For over 110 years sculptors have been trying to find an open form which would enable the viewer to interact. Umberto Boccioni tried to lend his works a charisma that filled the gallery, making it impossible for the viewer to escape its force. Auguste Rodin produced sculptures without a plinth that were on eye level with the viewer, as if they were conversation partners. Eduardo Chillida designed his works so that their vibrations, like music, could be felt around the room. His objects gained their intrinsic meaning through the interplay of the plastic with the surrounding space. Andreas Oldörp's installations are a continuation of these thoughts. They best representation of this idea is a sound installation which physically vibrates in space instead of just metaphorically.
The room is stimulated and the visitor, who has no other choice than to be immersed, is challenged to add a subjective structure. One can understand Andreas Oldörp's works in terms of this tradition. On his way to this point, however, the artist took a detour.
This can be demonstrated by one of Oldörp's earlier works. It is one that he seldom mentions and
it is not listed in his works catalogue . The artists exhibited himself, cloaked in a transparent plastic pipe and surrounded by pig's eyes that were staring at him. One can interpret this work as an example of performance art critical of an art business in which the artist's name is the primary selling factor. It is also representative of the 1970's and 80's trend in which artists - like Vito Acconci and Abramovic/Ulay, for instance - presented their own bodies as central themes. Theatrical forms also started to seep into fine art at this time. The artist used the exhibition space as a stage. This short, but historically important movement has had an important influence on installation art. A consequence of this trend to self-exhibition was that it increasingly caused disquiet, and artists began to feel obliged to leave more space for the audience. This diversion via performance art to a new form of sculptural interpretation was typical of artists who used sound as a basis for filling space. Their discourse with performance activities was the possible catalyst for the employment of sound as an interactive material.
The image of the creative subject was altered, with the artist partially transferring responsibility for the art-space to the audience. Imagination and creativity have not become secondary due to the surrender of the strictly bipolar distinction between aesthetic object and its beholder, but they have become prerequisites for an artistic construction that is concluded by the audience. The beholder is not confronted with an expression-saturated form representing an ideal reality, but instead, ways of indicating a reality are created, making use of an artificial presentation to create the preconditions for investigative audience participation. The visitors, however - having been stripped of the usual exterior vantage point - are made to feel uncertain and are confronted not only by the inherent issues of art, but also challenged by anthropological and self-referential questions.

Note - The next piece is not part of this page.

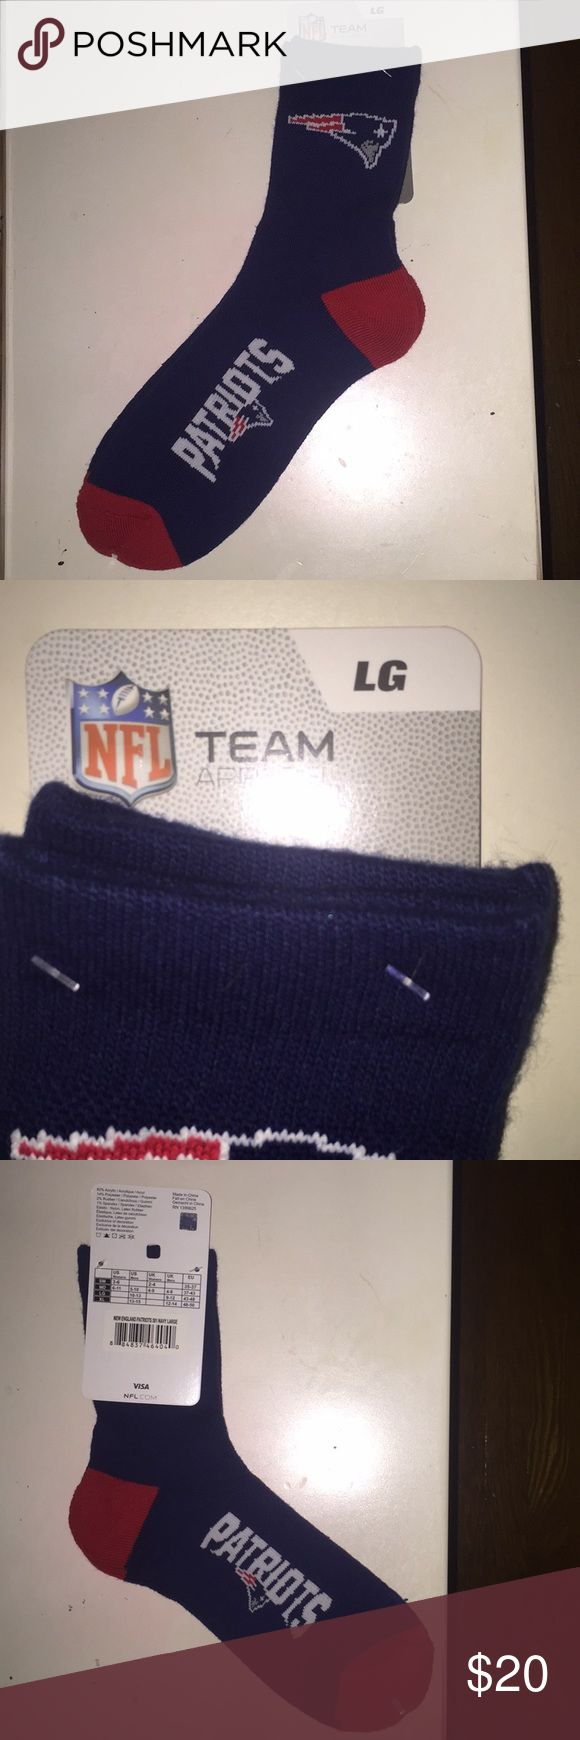 NWT PATRIOTS SOCKS New patriots socks bought from the NFL store. Very comfy Underwear & Socks Casual Socks

Andreas Oldörp talks of "tuned spaces" in reference to his works. This is clearly an allusion to the tuning of an instrument, but also to the atmosphere of the iridescent sound textures, which are capable of provoking a thoughtful or meditative disposition, or, in the case of a whispering web of sporadic sound, can lead to sudden thought-free silences. These works demand more than an exclusively erudite interpretation. They occasion the perception of one's own position - an introspection that needs no expression, or, perhaps, that cannot be communicated.